I’m not much of a candy or chocolate fan anymore, but if I ever cross paths with a Ghirardelli dark chocolate raspberry square, I can’t promise anything. Now, for the most part, I can eat raw vegetables with just as much gusto as a seasoned candy or chocolate lover. Go figure.
Anyway, we were having dinner and talking with our kids the other night and the man I will lovingly call my son described someone that he knows by saying, “If he were candy, he’d be a Sour Patch Kid.” Clearly, his friend may be a bit of a curmudgeon. While the Sour Patch Kid is attending weekly anger management meetings, Mr. Goodbar is involved in much worse. Candy has a personality.
We have personality and candy has personality. So what would one be if one were candy? If you’re Sour Patch, do not miss any meetings and if you’re Mr. Goodbar, stay away from the city.
If your thing is Hot Tamales, stock up on Tums, take a couple of hits and chill. If Tootsie Rolls make your day, it might be a good idea to bring that obnoxiously cheery thing down a couple of notches. Not sure about your personality if you love Dots or Gummy Bears, but I hope you have great insurance to cover those dentist bills.

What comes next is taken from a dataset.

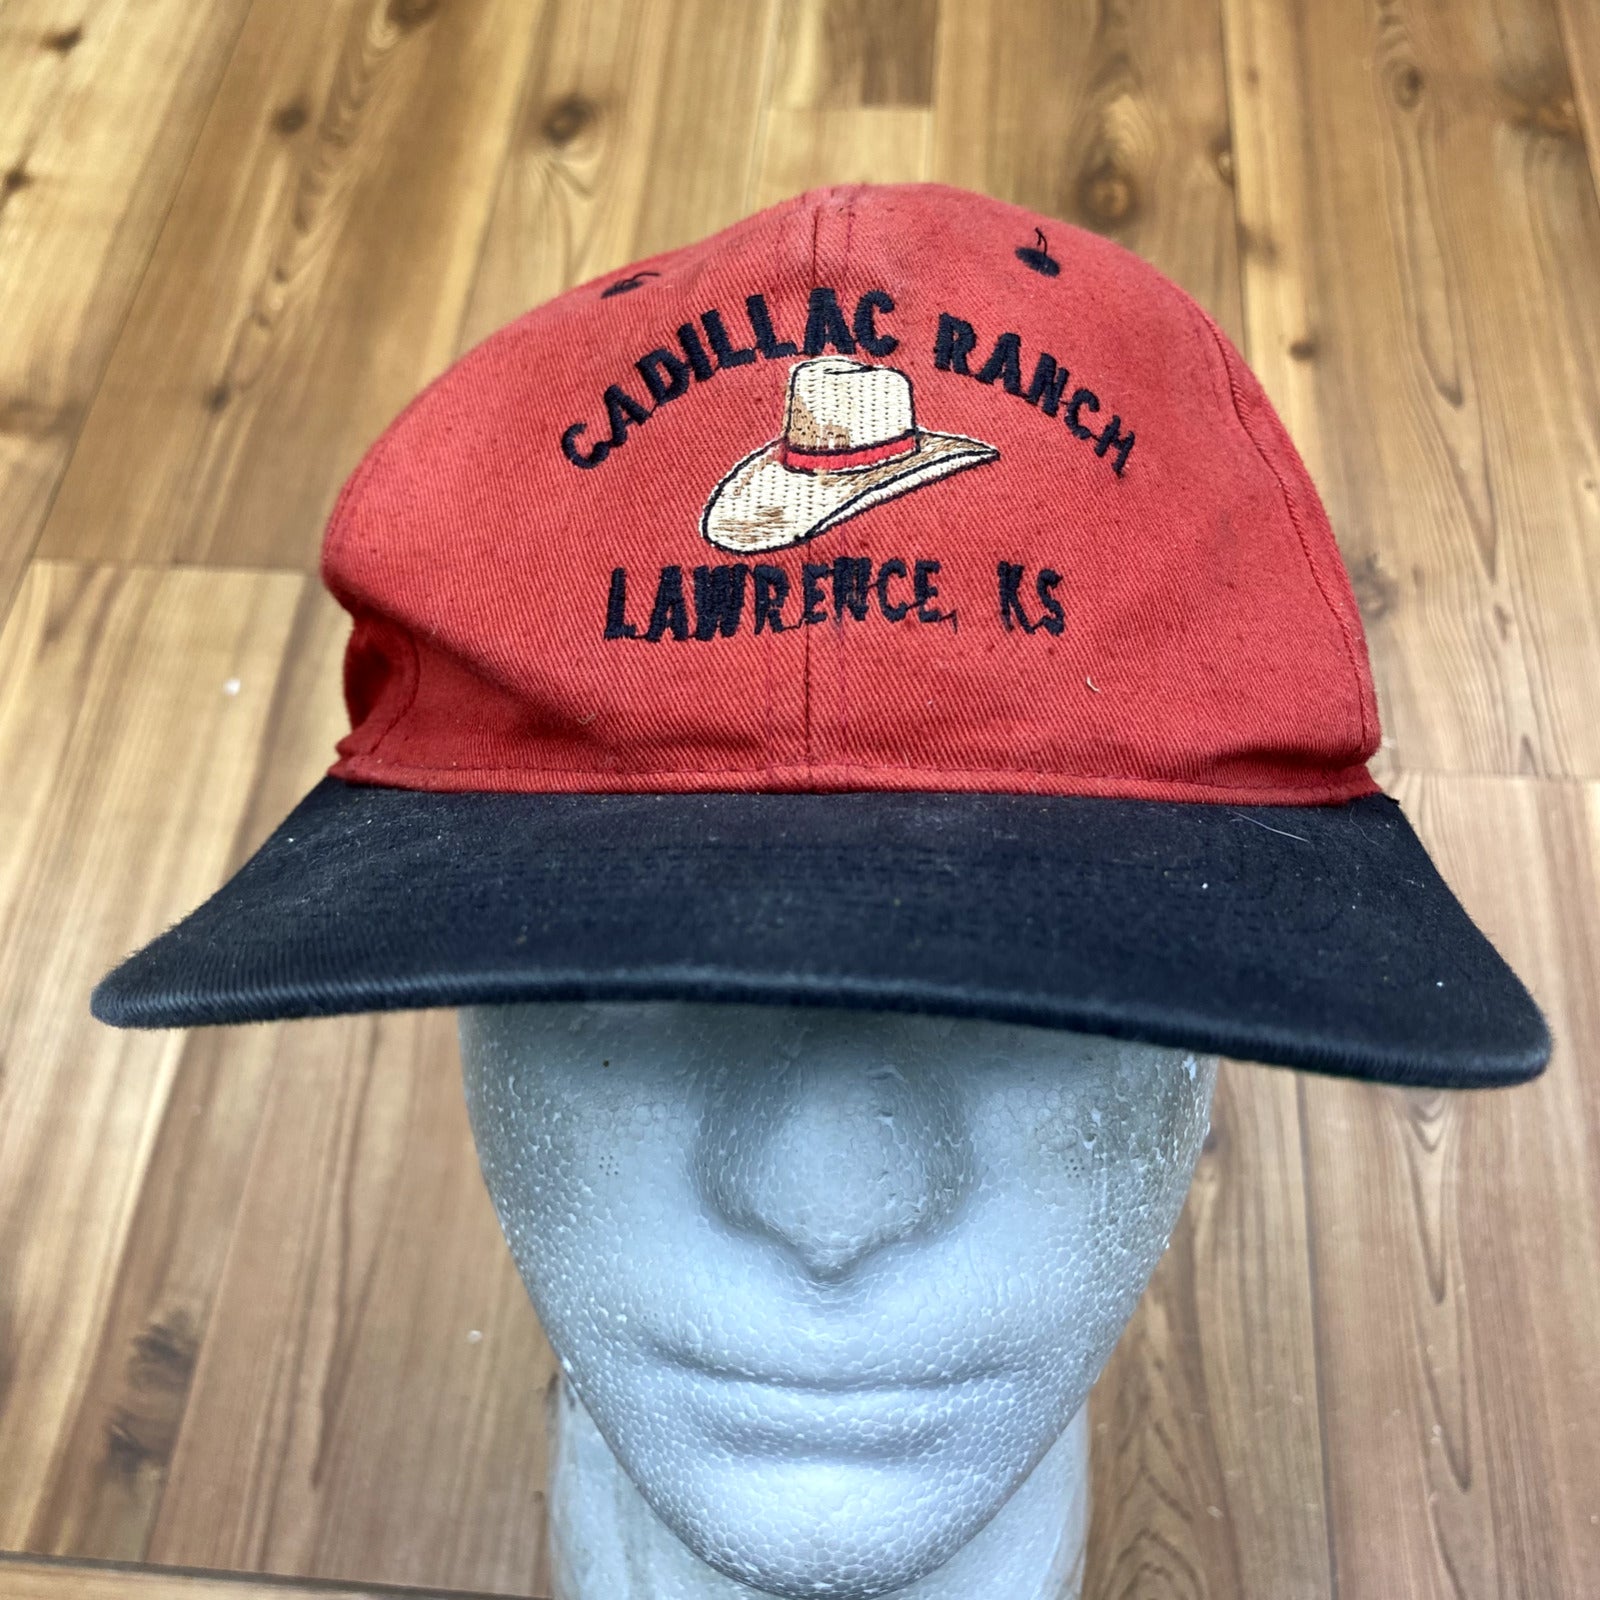 Vintage Red Cadillac Ranch Lawrence KS Cowboy Embroidered Snapback Hat Adult OS
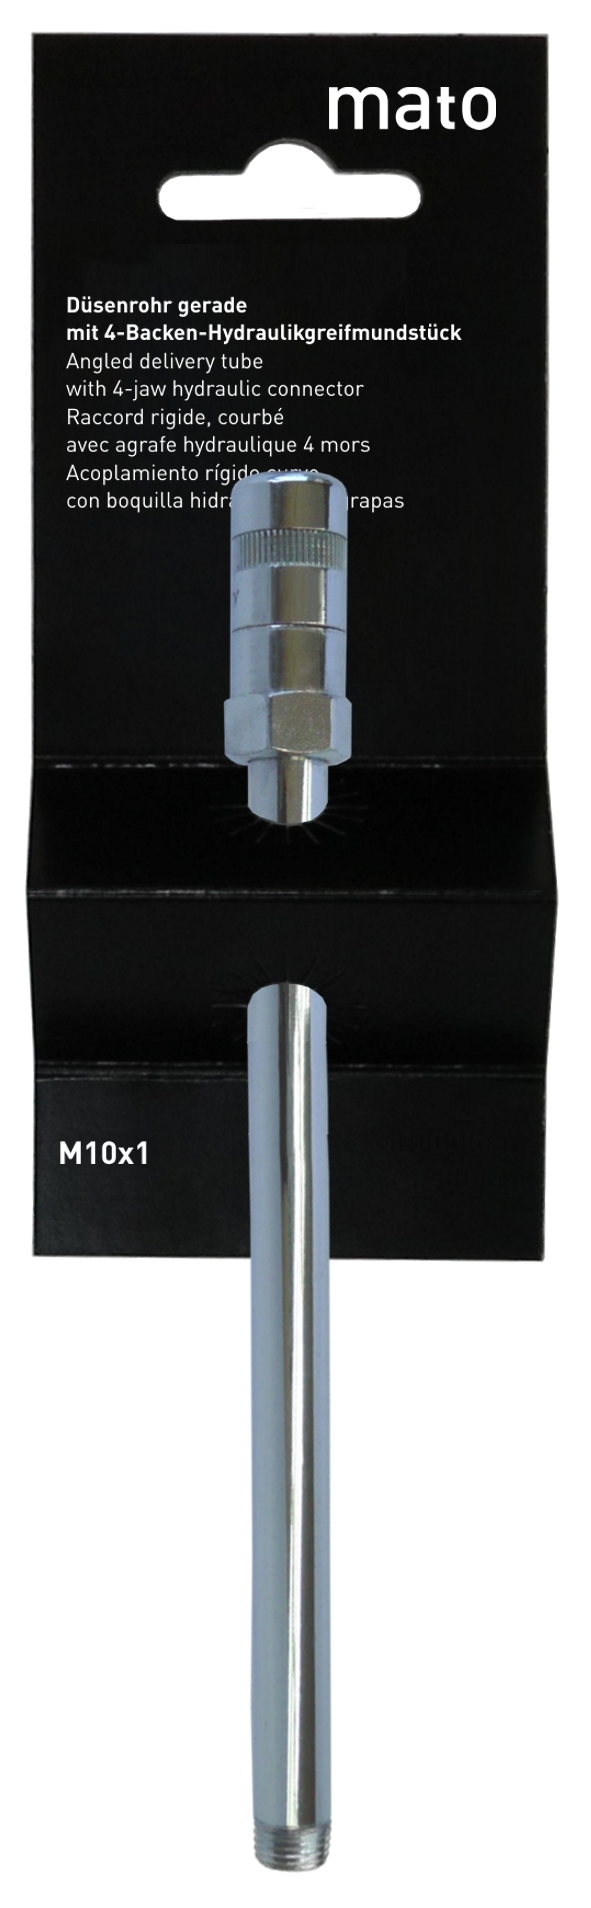 Delivery tube with 4-jaw hydraulic connector M10x1<br>PoS-design retail package, paper-headcard

Mounds people are just the right amount of happy. They are fun. They are Mounds people. Almond Joy fanatics are all former Mounds people. They got so enthralled with the presence of almonds on their Mounds bar, they couldn’t help themselves. Almonds found their way onto just about all food, which in itself doesn’t sound so bad, but when you upholster the living room chair with 3,000 of them and think “Hey that looks pretty cool and you can have a snack while you’re sitting”, you should seriously consider hopping onto your horse and head back to Mounds country.
I think it’s fair to say that Twizzlers cross over into many different personalities. Even the Sour Patch and Mr. Good Bar folks like Twizzlers.
Intense, high strung, chronically “wired” might be appropriate if Skittles are a regular part of your diet. Why not just pour yourself a small bowl of sugar? Forget the dentist, give your cardiologist a call.
M&M people are happy and cheery. They’re like the Disneyland of chocolate. M&M people and Mounds people get along great.
Sweet Tarts are like Sour Patch Kids, but they don’t get along with each other because they’re curmudgeons and curmudgeons don’t get along with anyone, especially other curmudgeons.